John died, probably unexpectedly, in 1593, leaving his wife and four children with only modest resources. It is possible, if not likely, that twelve-year-old Stephen was sent to live with a relative – William and his wife Constance (Marline) Hopkins. Little is known of his teenage years, but when he next shows up in the historical record he has moved to the nearby town of Hursley and is married to a Mary (Machell?). They named their first daughter Elizabeth (probably after Stephen’s mother) and gave their second daughter the distinctive name Constance (lending support to the theory that Constance Hopkins was indeed Stephen’s adoptive mother). This second daughter is Grace Abbot’s 8th-great grandmother. She was baptized on May 11, 1606 at All Saints Church in Hursley.
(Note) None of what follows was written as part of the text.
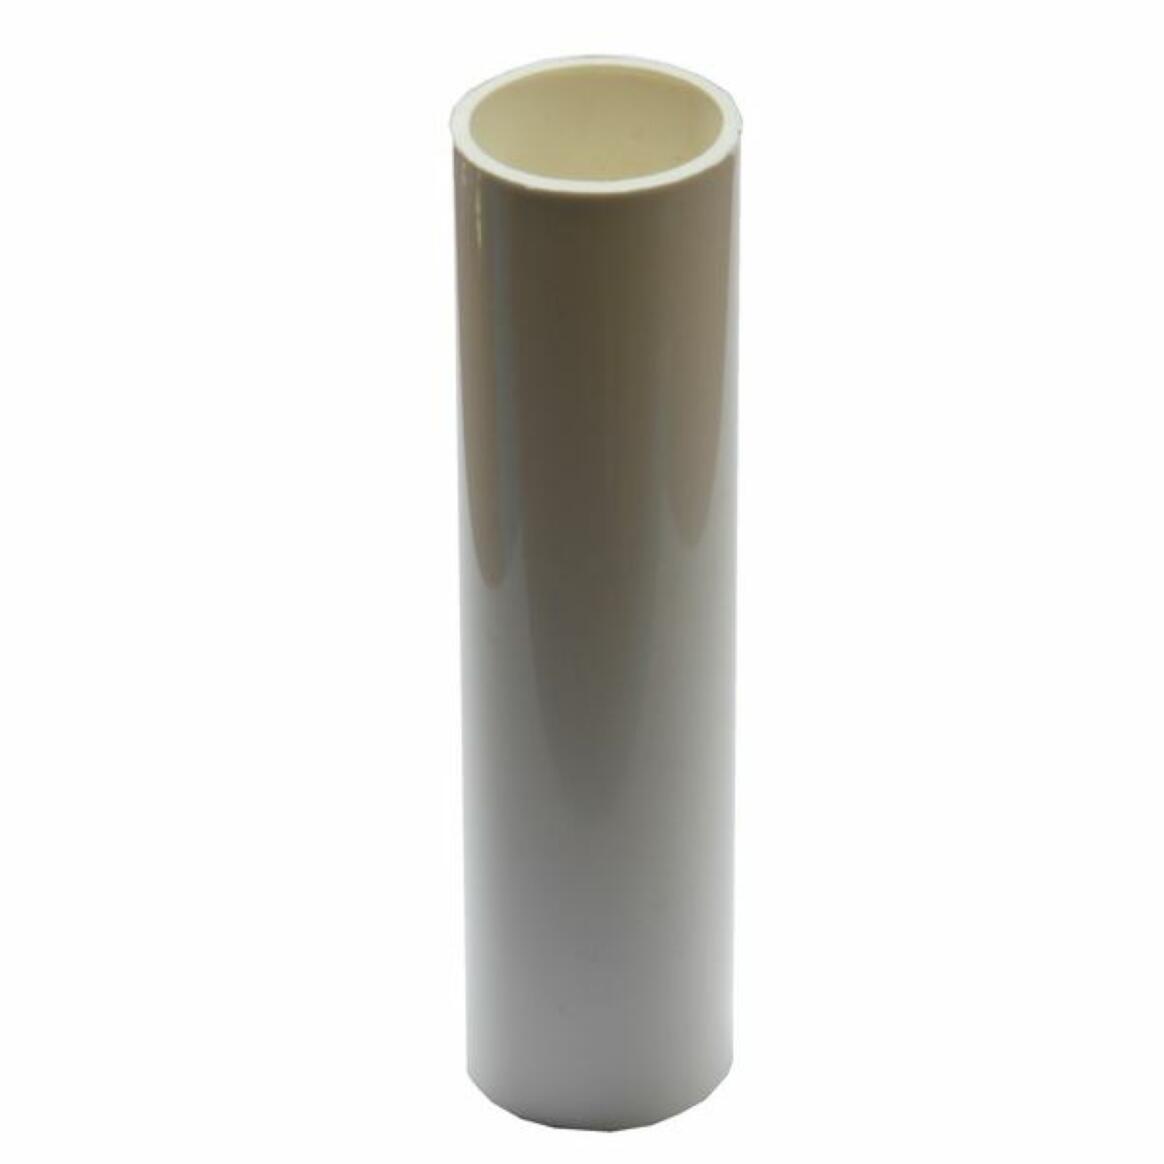 Tube de bougie en plastique blanc pour luminaire main product image

In 1608, for unknown reasons, the Hopkins family lost their lease at Merdon Manor in Hursley where they had been living for several years. Also for unknown reasons, except perhaps a lack of prospects and a need to make money, Stephen signed on as a minister’s clerk for a stint in the newly found colony of Jamestown, Virginia. It must have been terribly difficult for Mary and the three children to be left behind to fend for themselves while waiting for Stephen’s return, or to be called to join him in the New World.
The Sea Venture was the flagship of a fleet of seven ships headed to resupply Jamestown, and bring over their next Governor, Sir Thomas Gates. Hopkins sailed aboard the Sea Venture as assistant to Reverend Richard Buck, and read psalms and Biblical passages on Thursday and Sunday services. The fleet left Plymouth, England on June 2, 1609. By late July they were most of the way across the Atlantic when a hurricane overtook the fleet. As the storm grew the ships became separated. The crew of the Sea Venture took down all their sails. It took eight men on the tiller to try to control the ship’s steering through the tumultuous seas. On the second day, the ship began “spewing her oakum” – the caulking that seals the joints in the hull. The water was already five feet above the the ballast when the leak was discovered. Despite their search , the main source of the leak could not be found. The water spoiled most of the ship’s supply of food and drink. The men and boys took turns pumping, one hour on, one hour off, around the clock. Occasionally a huge sea would engulf the ship, throwing the helmsmen across the deck. St Elmo’s Fire danced in the rigging, a bad omen in the mythology of the day. On the fourth day, when all seemed lost, the storm clouds cleared a little and the crew spotted land. The ship was sinking so badly they did not have time to anchor and take the passengers ashore in a long boat. Instead they sailed full speed onto a reef a half mile offshore. Miraculously, all 140 men and 10 women were ferried ashore with not a single loss of life.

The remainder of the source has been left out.